Starting at the line that contains "Classic Style by", write out each line through the end of the data below, exactly as it stands. Skip any pictures.

| Source material |

--- START ---

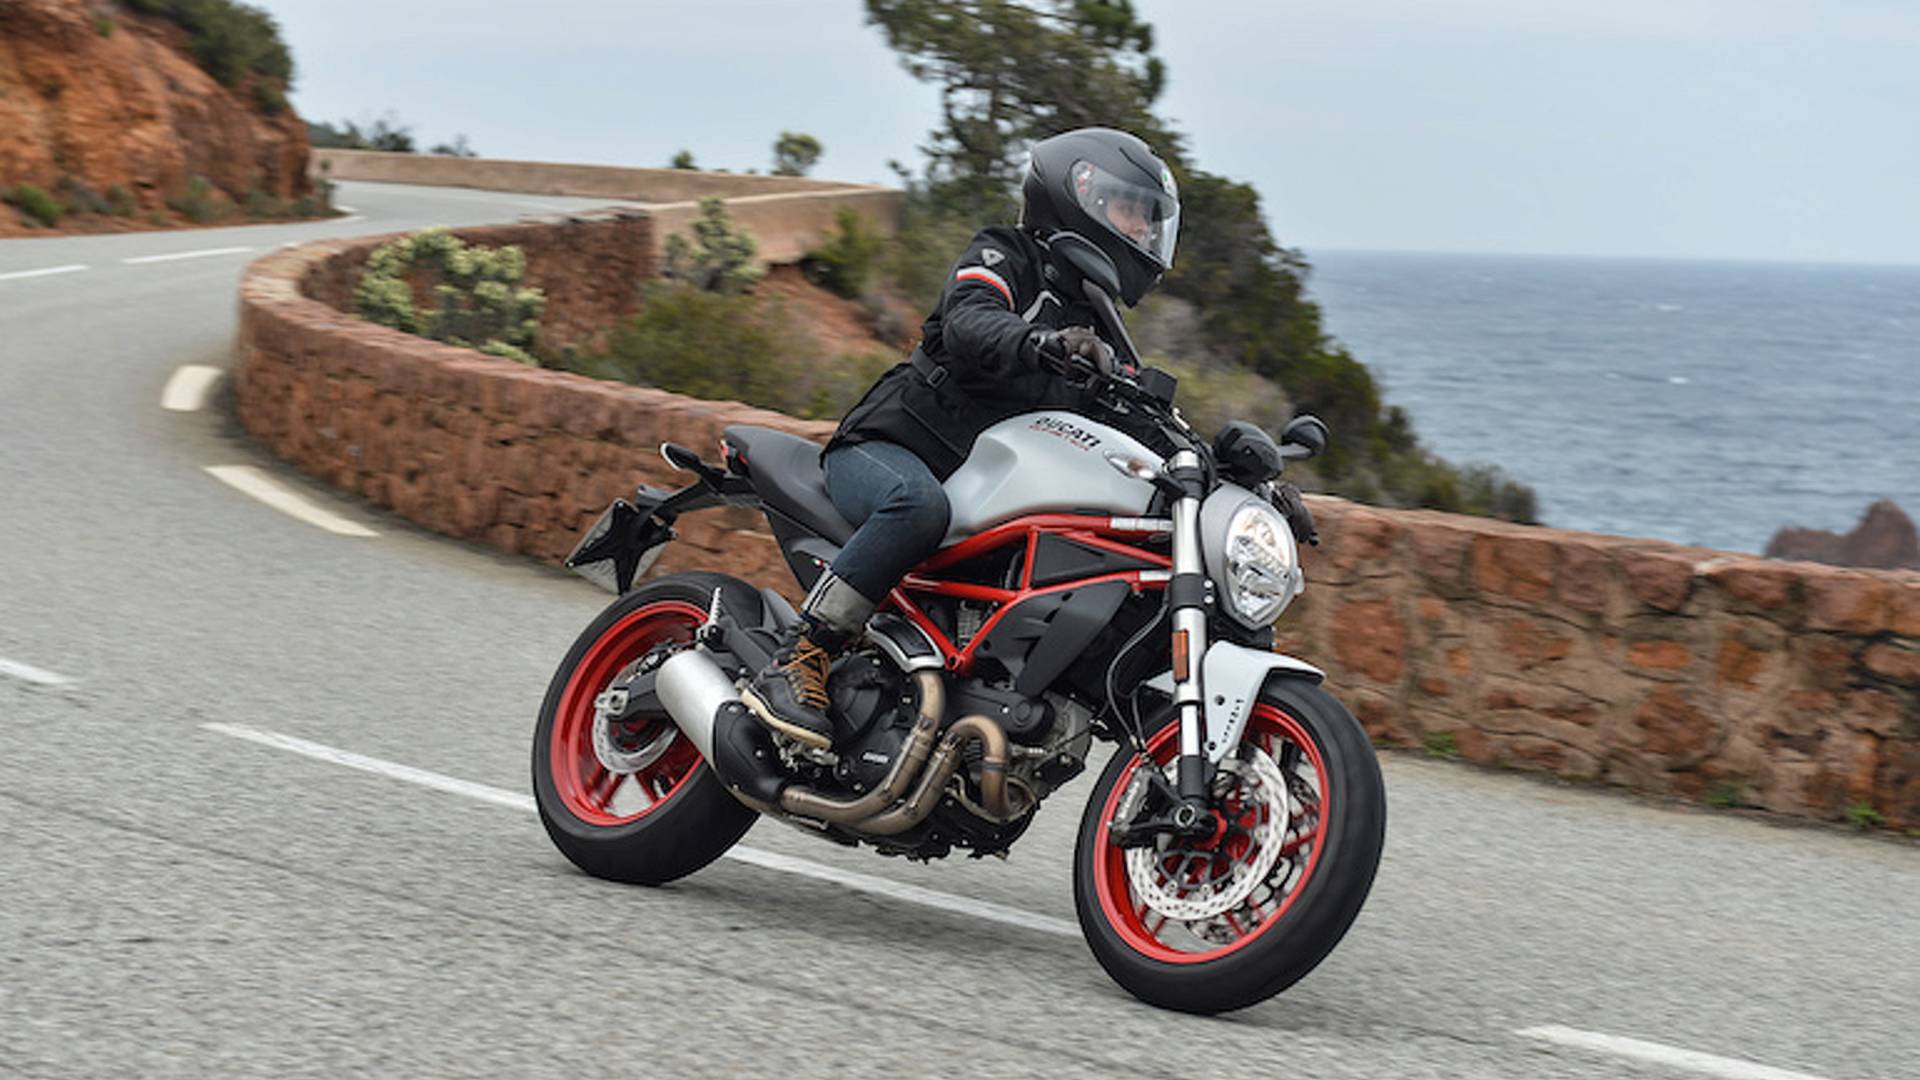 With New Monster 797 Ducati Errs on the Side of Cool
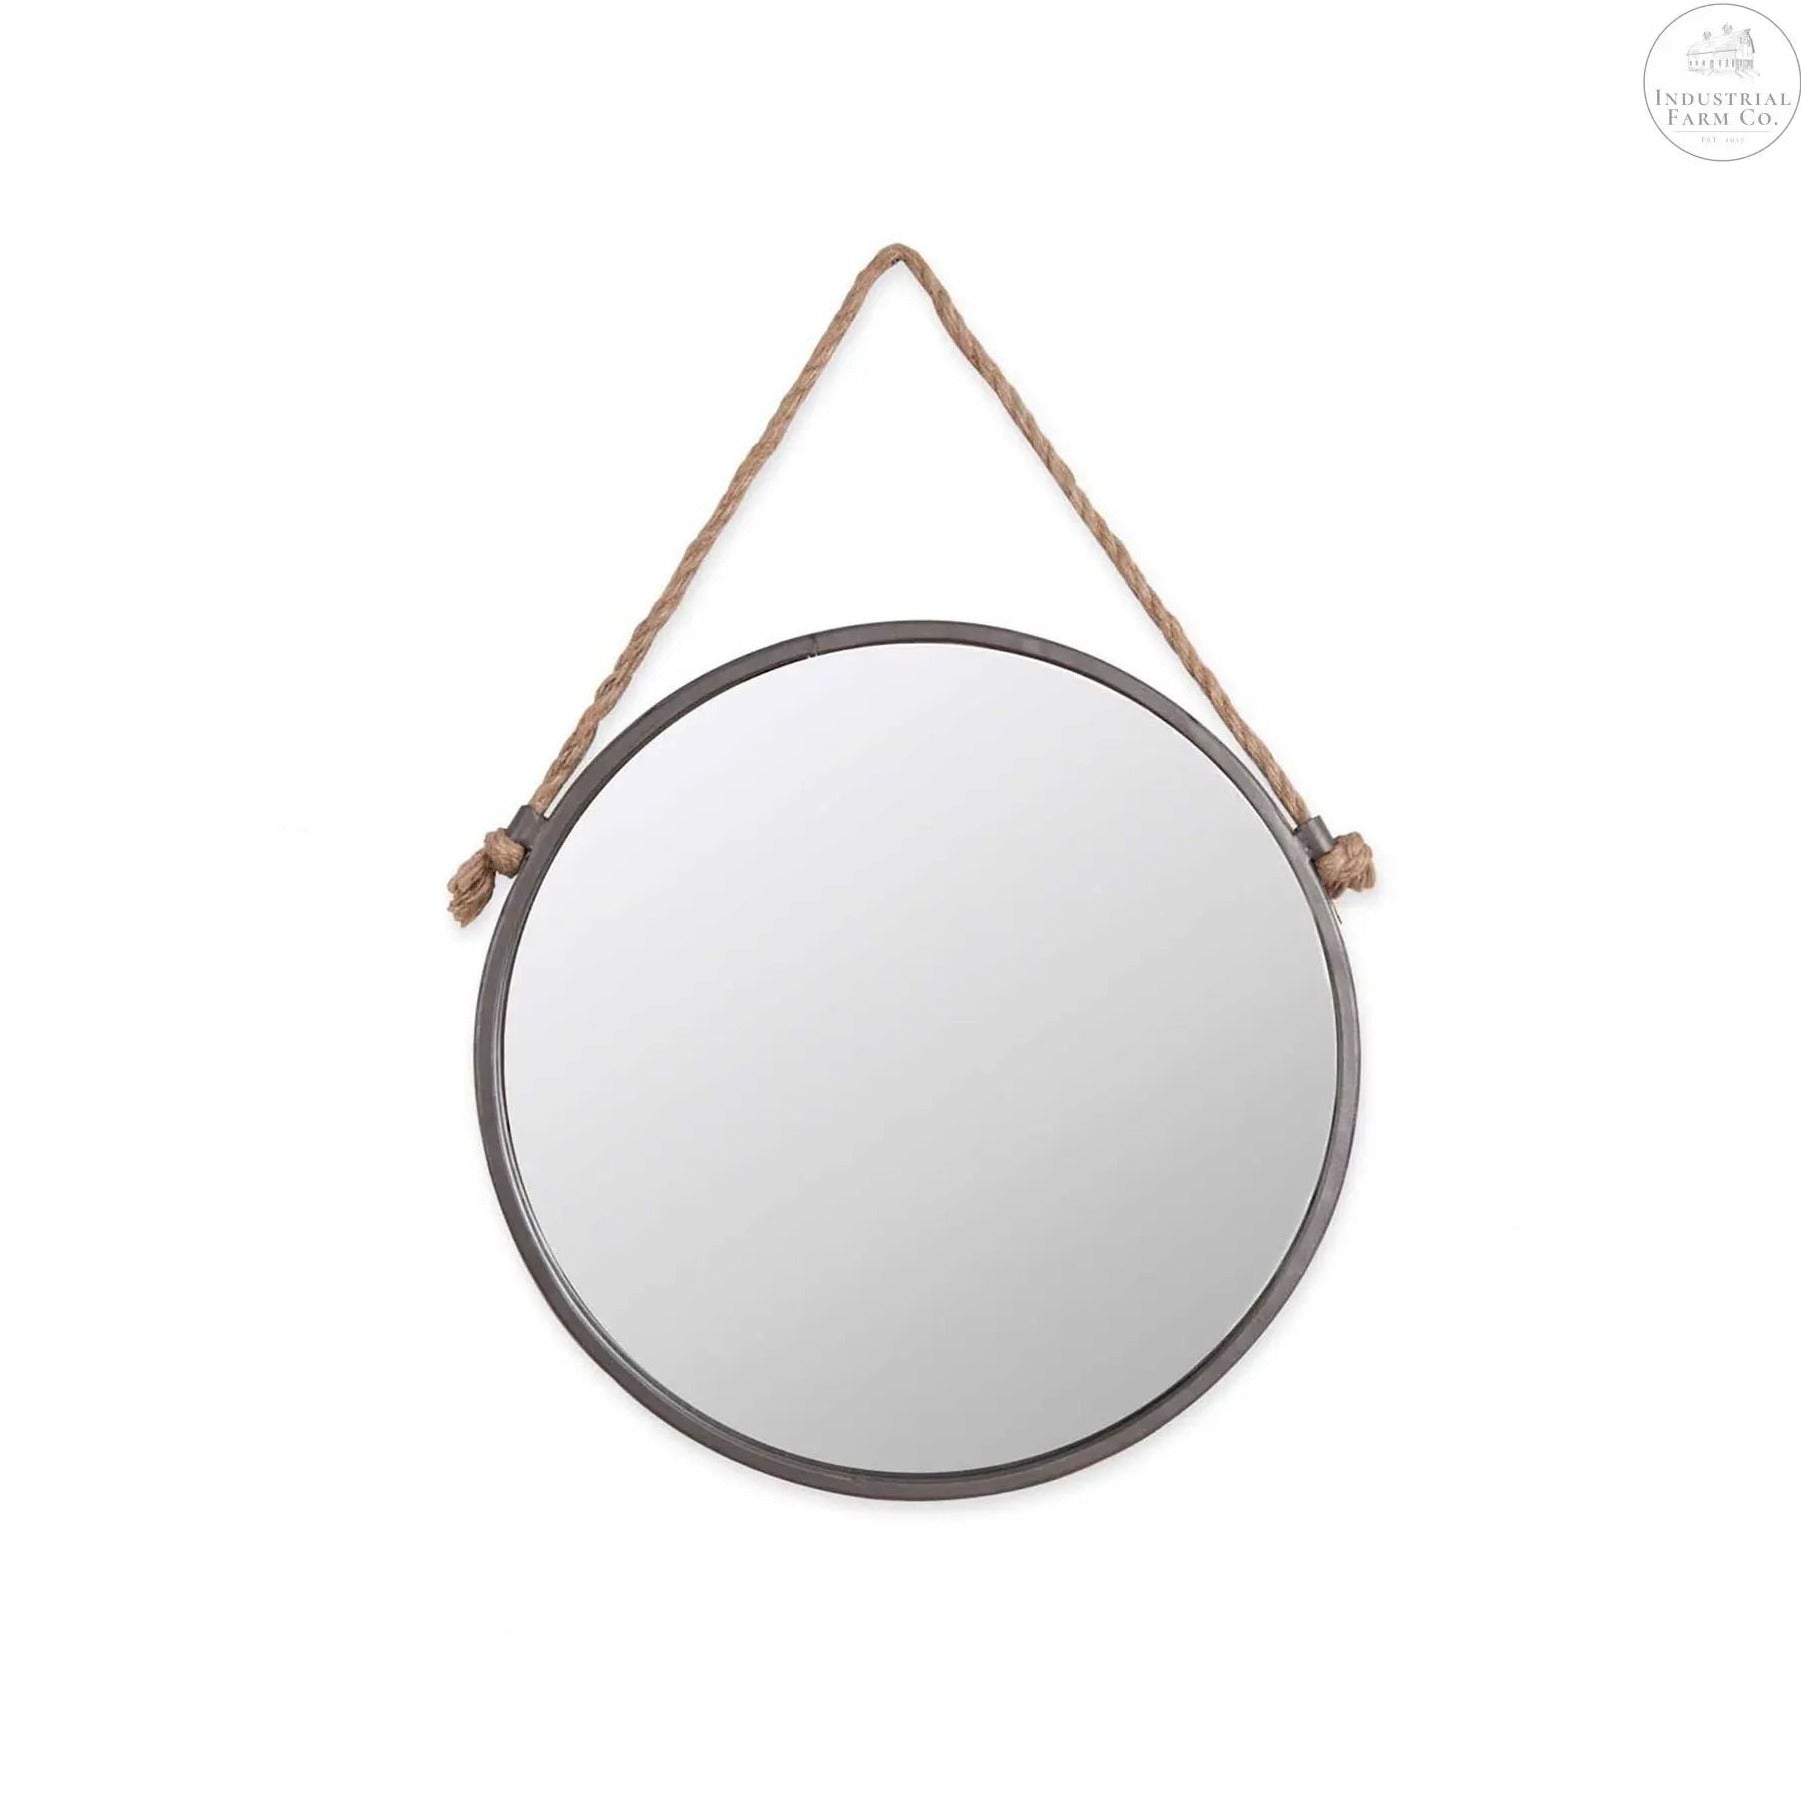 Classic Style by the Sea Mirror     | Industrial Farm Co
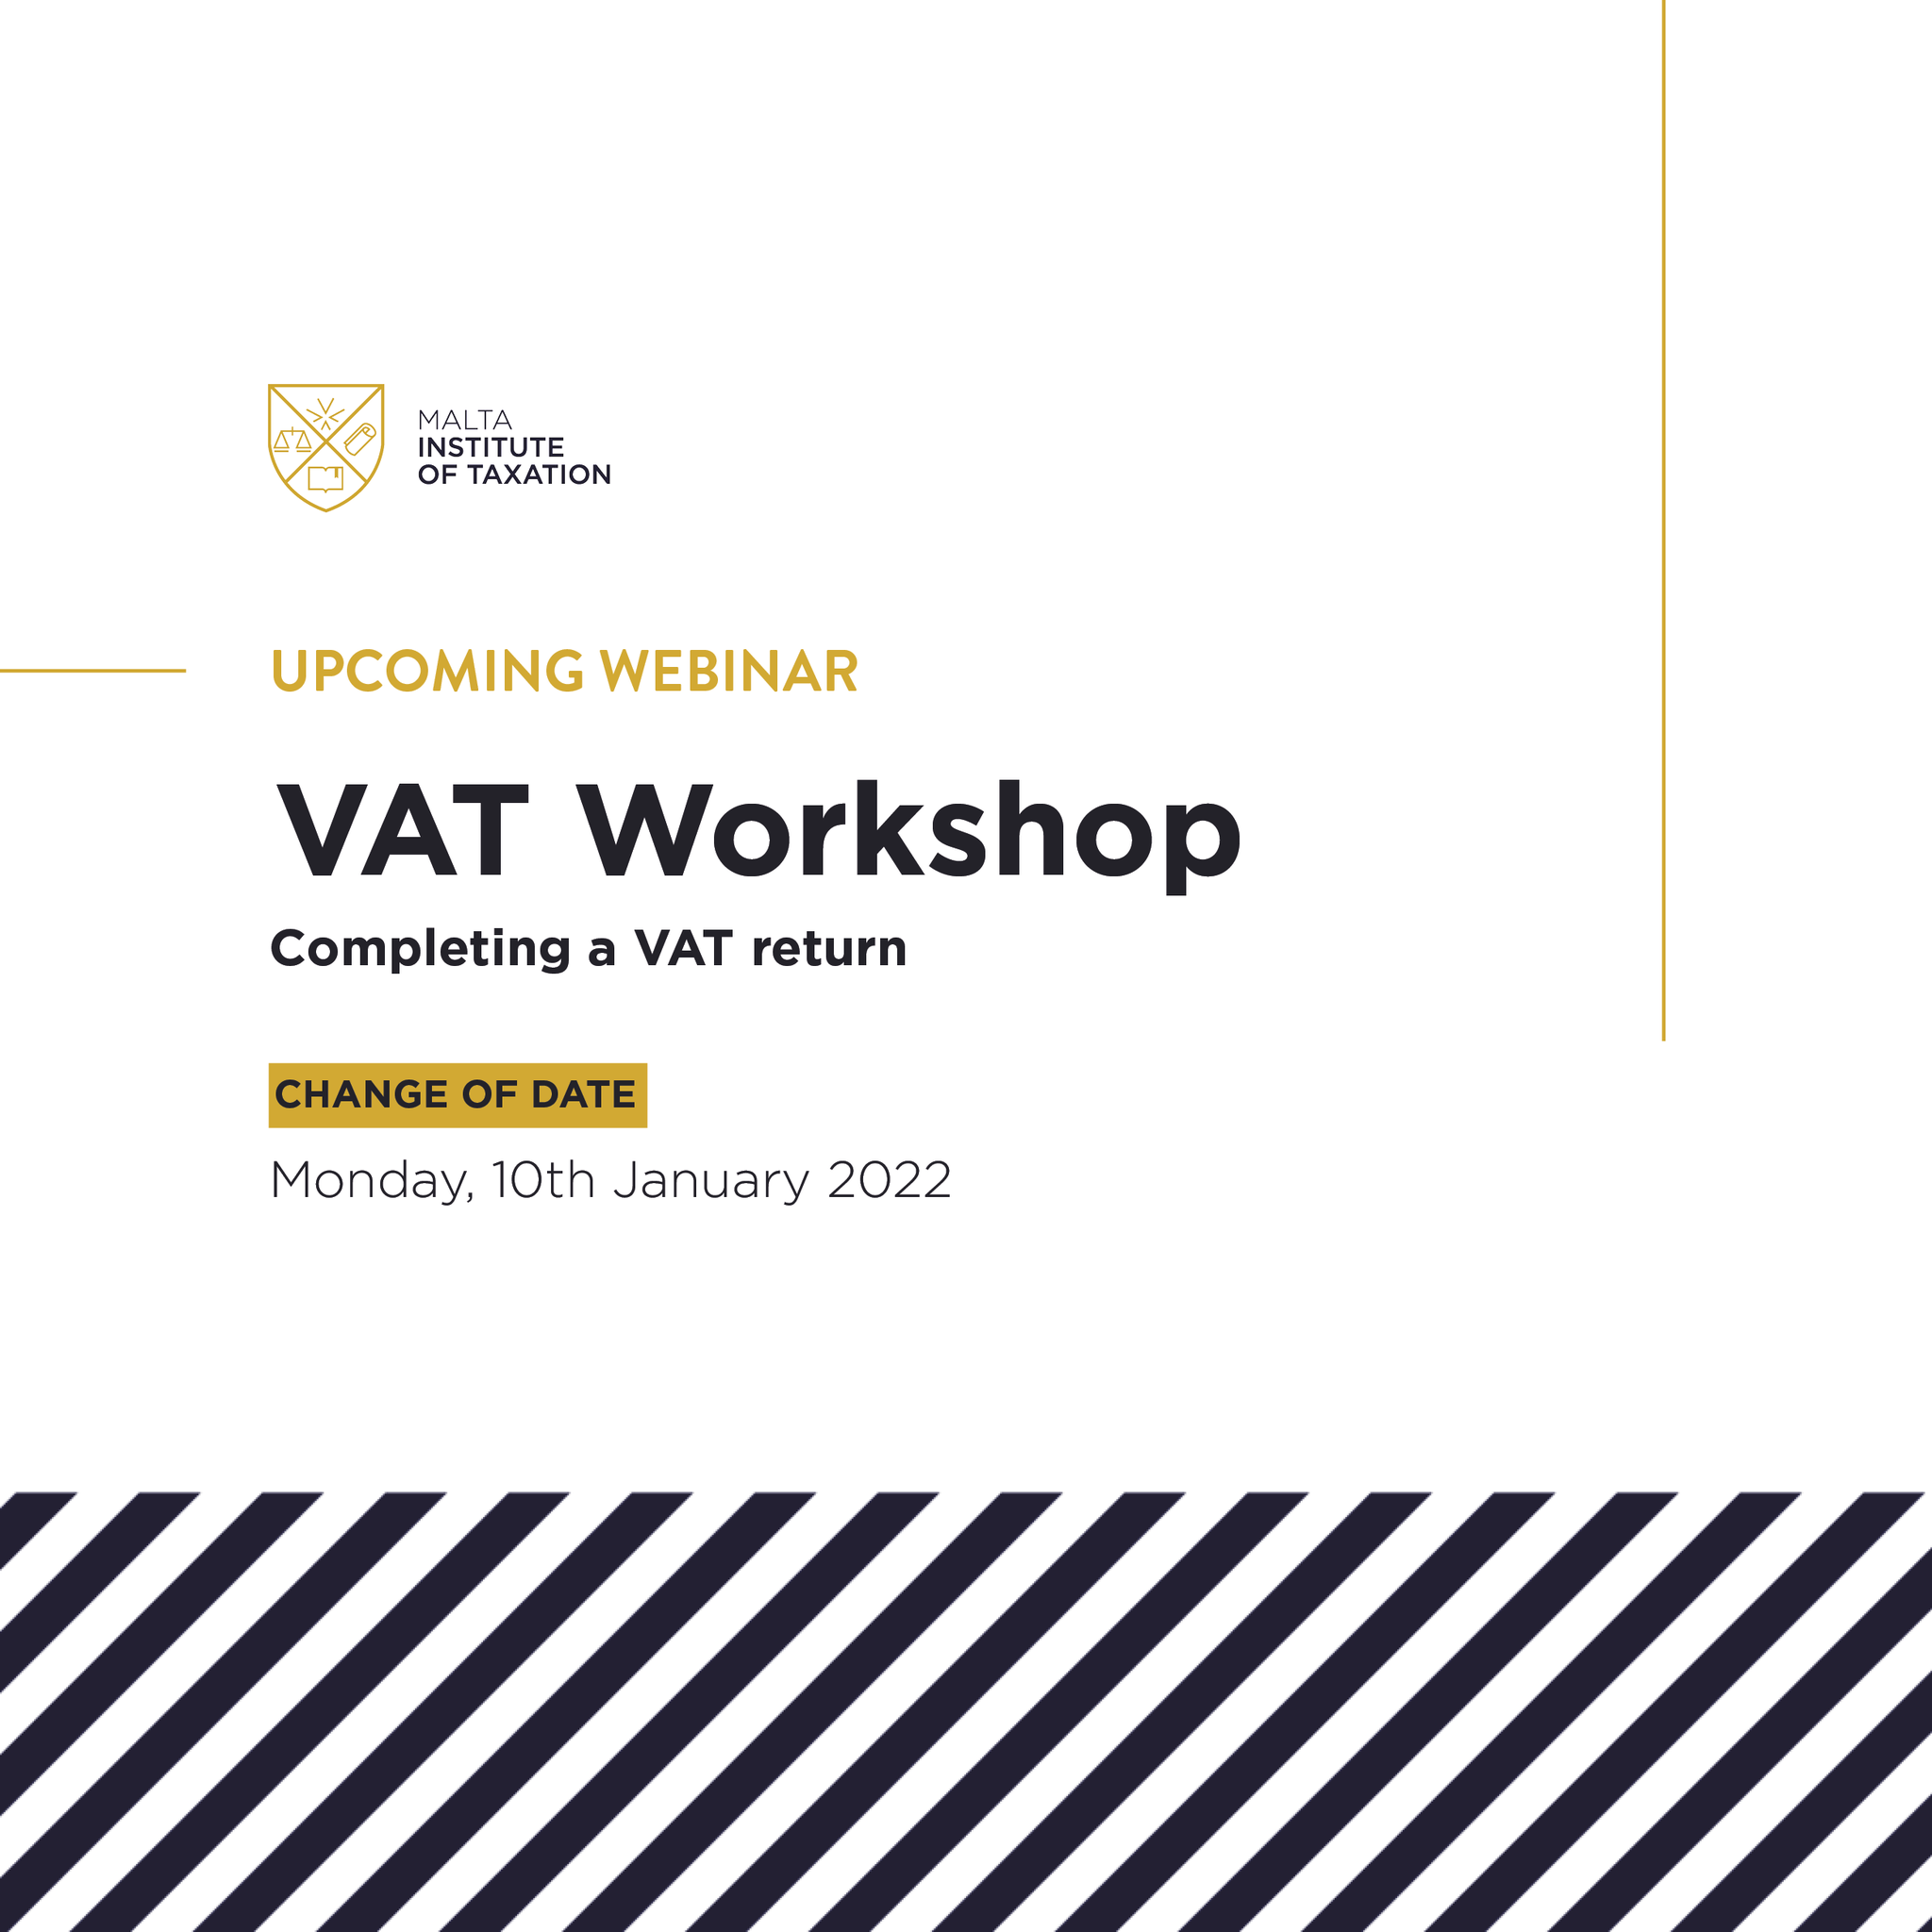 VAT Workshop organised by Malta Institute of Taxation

--- END ---

| Output below |
 Classic Style by the Sea Mirror     | Industrial Farm Co
 VAT Workshop organised by Malta Institute of Taxation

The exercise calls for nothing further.